Yang Jiechi, haut diplomate chinois, a déclaré que la Chine était prête à travailler avec la Russie pour faire évoluer l'ordre mondial "dans une direction plus juste et raisonnable".
Guillaume Lagane
Guillaume Lagane est spécialiste des questions de défense.
Il est également maître de conférences à Science-Po Paris.
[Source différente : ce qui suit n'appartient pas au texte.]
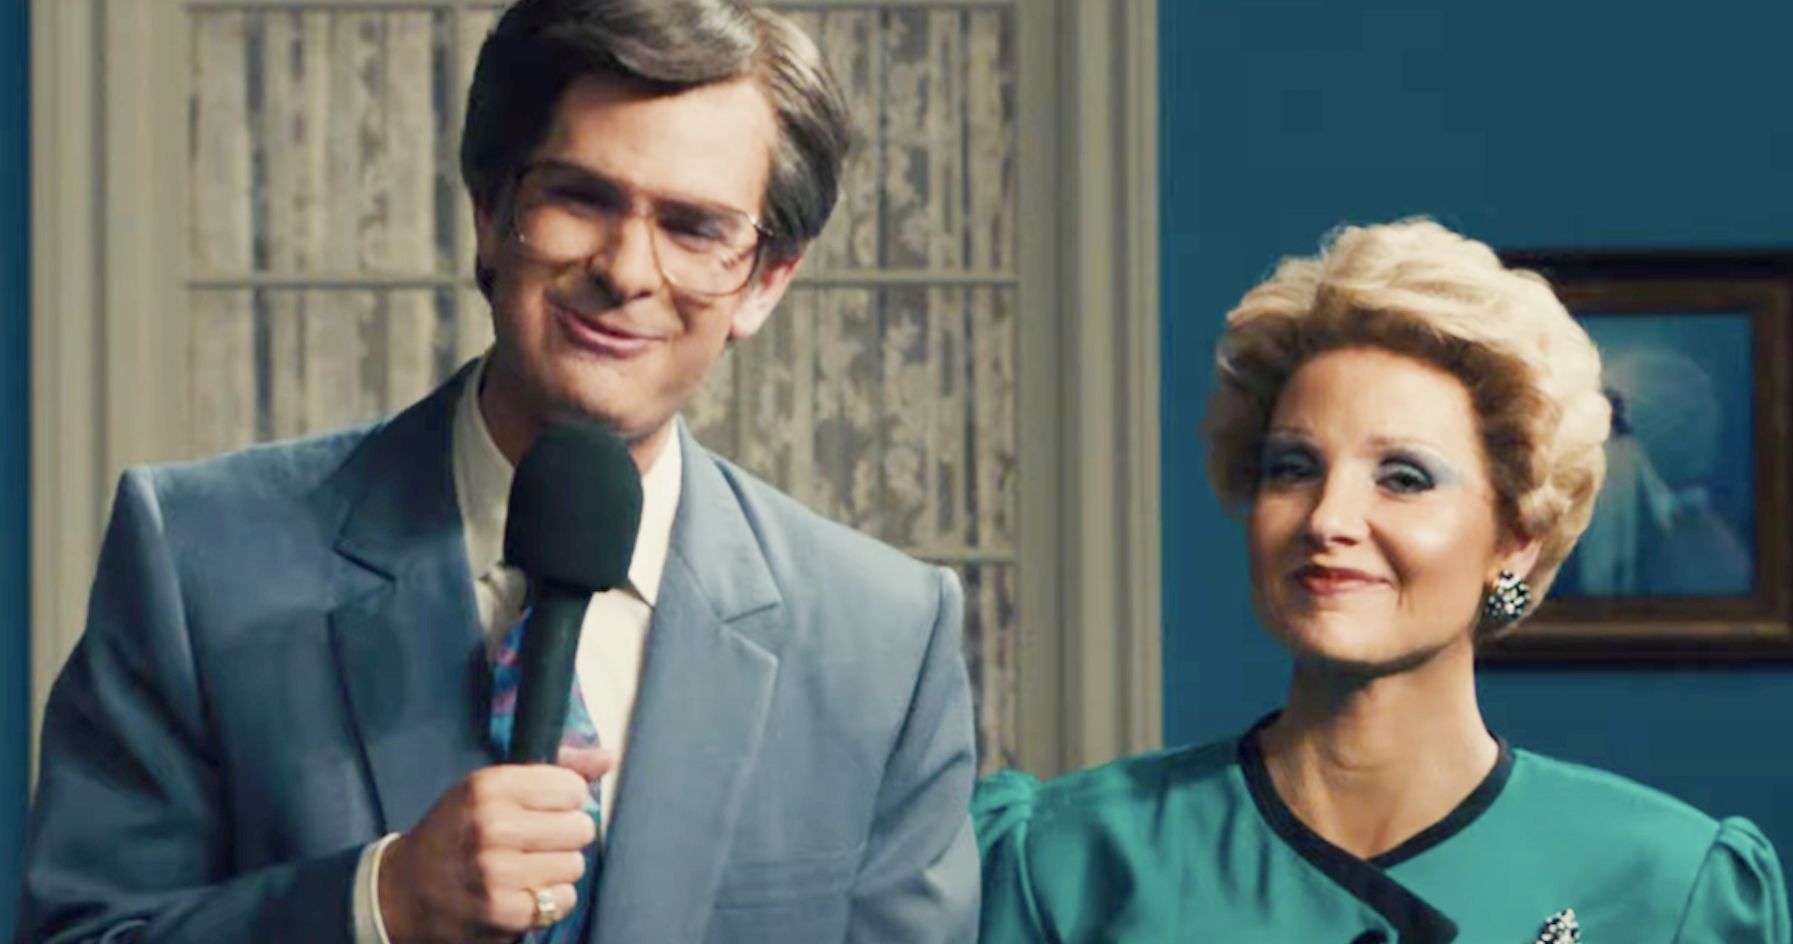 The Eyes of Tammy Faye Trailer Transforms Jessica Chastain Into the Infamous Televangelist

Il est l'auteur de Questions internationales en fiches (Ellipses, 2021 (quatrième édition)) et de Premiers pas en géopolitique (Ellipses, 2012). il est également l'auteur de Théories des relations internationales (Ellipses, février 2016). Il participe au blog Eurasia Prospective.
Barthélémy Courmont
Barthélémy Courmont est enseignant-chercheur à l'Université catholique de Lille où il dirige le Master Histoire - Relations internationales. Il est également directeur de recherche à l'IRIS, responsable du programme Asie-Pacifique et co-rédacteur en chef d'Asia Focus. Il est l'auteur de nombreux ouvrages sur les quetsions asiatiques contemporaines. Barthélémy Courmont (@BartCourmont) / Twitter
Atlantico : L'Ouzbékistan accueille le sommet de l'Organisation de coopération de Shanghai jeudi et vendredi. Dans le contexte actuel, pourquoi ce sommet revêt-il une importance particulière ?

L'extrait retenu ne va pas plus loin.